Wednesday 3 July 2013

Interceptor (2012)

Director: Angel Ruiz
Stars: Raj Suri, Heather Noland, Angel Ruiz and Michelle Palermo
This film was an official selection at the Phoenix Film Festival in Phoenix in 2013. Here's an index to my reviews of 2013 films.
I have no idea how prolific Angel Ruiz is because he has a habit of making capable films that don't end up on IMDb for some reason, this one included. What I do know is that he's been around for a while and he knows what he's doing. This short sci-fi film from 2012 is capable from moment one, a set of excellent title credits followed by a suicide bomber blowing himself up in an office cube at an investment company, killing fifty people. That's not your usual target and so it's not your usual investigative team who do something about it. As Devin Poe, Ruiz is an interceptor for the Phoenix Division of a hush hush outfit called Counter Event Taskforce. They're like the NSA with a positive spin and some tech that flouts the fourth dimension: they monitor emergency events to find little things that will go on to trigger big things. We have no idea how they do this, but they have a lot of widescreen monitors cycling fancy graphics, which in cinematic terms means they rock.

Here's the sort of thing they figure out: the suicide bomber is Jacob Jordan and he did it because his wife Ashley worked for that company; after she was stabbed to death in their parking lot, they refused responsibility because she wasn't parked in her designated spot. Having Poe save Ashley's life in the parking lot would change the fabric of time, remove her husband's motivation and save fifty lives. One isn't worth it, apparently, but fifty are; it's all about the numbers. Now, I know that you're all wondering how they can do this, because surely they're going to need a time machine, right? Well, there's a neat idea in play here that helps to explain why they're forced down certain paths rather than others: they can't send Poe back in time, but they can send memories back to the Poe who's already there, so he can act on them. Saving Ashley's life would thus be a lot less difficult to explain than shooting Jacob or making the authorities aware of what he's doing.
I like the concept, especially as it gets past many of the usual time travel problems. Memories are just data, right? I also like the brutal irony that Poe gets to change the past for a living, saving the lives of many, while still suffering the loss of a wife and child of his own who he can't go back and save. This tech has limitations, one of which is that memories can only be sent back a year. It also raises tough questions that a short film has no time to address. I don't just mean the strange idea that the success of a mission can be confirmed by simply looking at one newspaper's front page, or the stranger idea that it can be confirmed at all. Doesn't the future from which the mission was launched cease to be once it's successful? I mean that, while Jacob doesn't know it, his decision to blow up fifty people in an act of mass murder was the best one possible, as he saves his wife's life and removes his crime from existence. I want to see the movie in which he planned that!

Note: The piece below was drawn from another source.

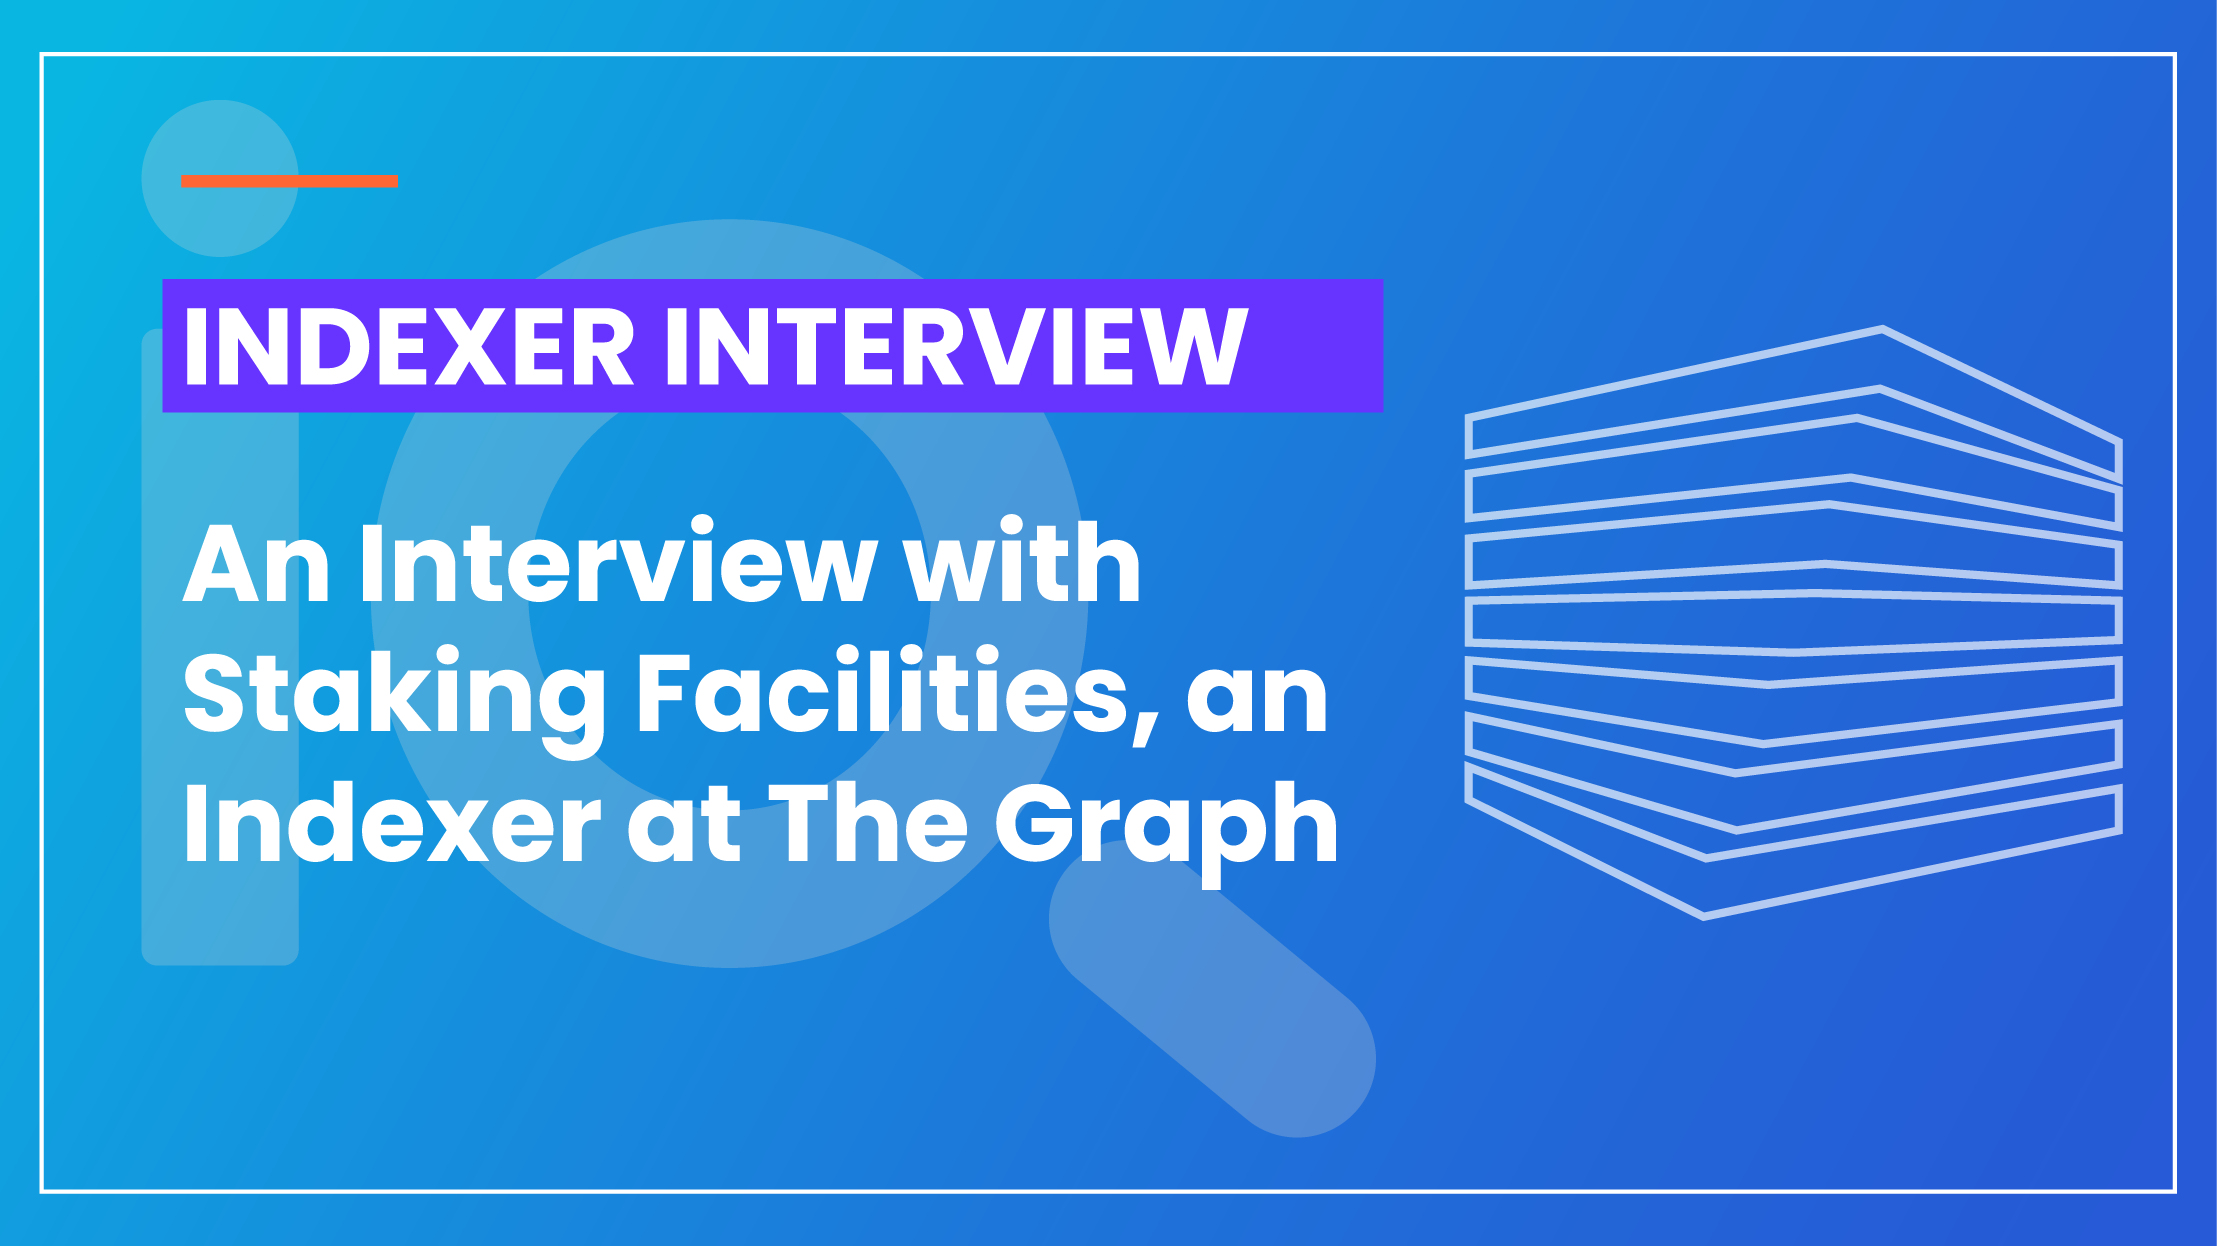 Interview with Staking Facilities, an Indexer at The Graph

What this film does address is how easy it would be to become cynical in these circumstances. As CET can't save everyone and is thus forced to rank the lives of some over the lives of others, the job becomes a set of value decisions that the guy doing the work doesn't take. Poe can't help but question that, given that he can't save his family, so he's surely going to be dwelling more on the lives he doesn't save than those he does. Don't tell me that in this world, he hasn't already saved some self destructive celebrity half a dozen times over because she just happens to be the niece of his boss's boss's boss. 'For the greater good,' as his boss tells him when another conflict shows up to drive the plot forward. There are so many options here that I could name a couple of dozen ways to work around the scenario that arises, so I don't buy where Ruiz takes this in the end, but I am happy that he raised the cynical storyline to begin with.

Beyond the convolutions of plot that frankly can't be avoided entirely when dabbling in the realm of time travel, however it's justified, this is a capably made film. It's clearly low budget, or the CET would have more than one office and a lot more than four people in it. The way it's lit also means that we see everything we need to but carefully also avoid seeing everything we don't need to. In a similar way, the quality of the production design throughout does everything it has to but never really ventures into the realm of what it should. That extends to the acting too: nobody does poor work, but nobody really shines, except perhaps Raj Suri, who deserved more of a substantial part. What stands out above the rest are the pace and the effects. The latter are not wildly imaginative but they look great and they're executed flawlessly, while the former happily refuses to rush on in and wrap everything up in five minutes. Unfortunately the word of the day is just 'capable'.